In the period under review, sales at Briscoes Homeware decreased 6.01% from $98.43 million to $92.51 million and sales
at Rebel Sport increased 8.65% from $42.47 million to $46.15 million.
On a same store basis, Briscoes Homeware sales decreased by 8.47%, while Rebel Sport sales decreased by 9.77%.
The relocation of the Briscoes Homeware stores in Rotorua and Hastings to new premises in April and June respectively,
and a new store opening in the Coastlands Shopping Centre in Paraparaumu at the end of July, brought the number of
Briscoes Homeware stores to 31 and increased total store area to 62,915 sq.m.

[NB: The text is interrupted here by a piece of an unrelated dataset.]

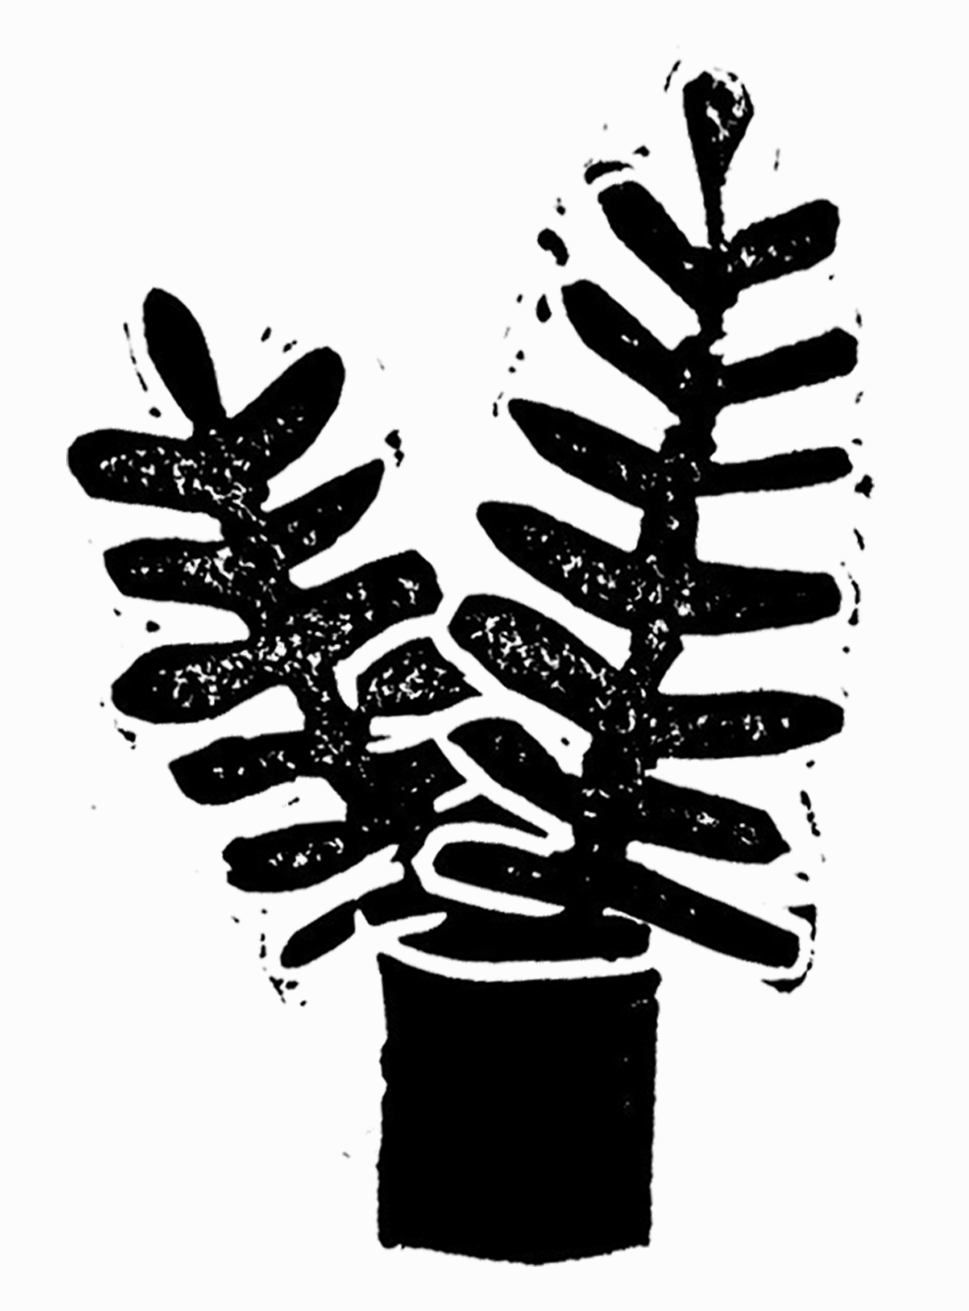 Somewhat grainy black-and-white linocut print of a simply stylized fern in a pot, centered on a slightly off-white background.

Rebel Sport store numbers increased by one to 18, with a new store opening in Rotorua in April, bringing total store
area to 37,174 sq.m.
Rod Duke, Group Managing Director, said: “Opening nine new stores in just over a year, in a difficult trading
environment, has had a negative impact on the bottom line in the short term. We expect, however, that this expansion
programme will be very good for the Group’s future growth and success.”
The store opening programme has continued into the current year. Rebel Sport opened a new store in Whangarei at the end
of August, and a new store in Riccarton, Christchurch is expected to open in November. Briscoes Homeware will relocate
its Whangarei store to new premises in September, and will open new stores in Takanini and Riccarton by the end of
November.
Since July 2003, the Group’s financial position has remained strong and at 31 July 2004 there was cash in the bank or on
deposit of $33.3 million, and no borrowings.
Inventory levels at 31 July 2004 were $46.25 million, representing a decrease of $2.09 million on the same time last
year. The decrease is a reflection of the significant operational focus on improved stock management during the past
year, and was achieved despite the difficult trading conditions and the increase in the number of stores.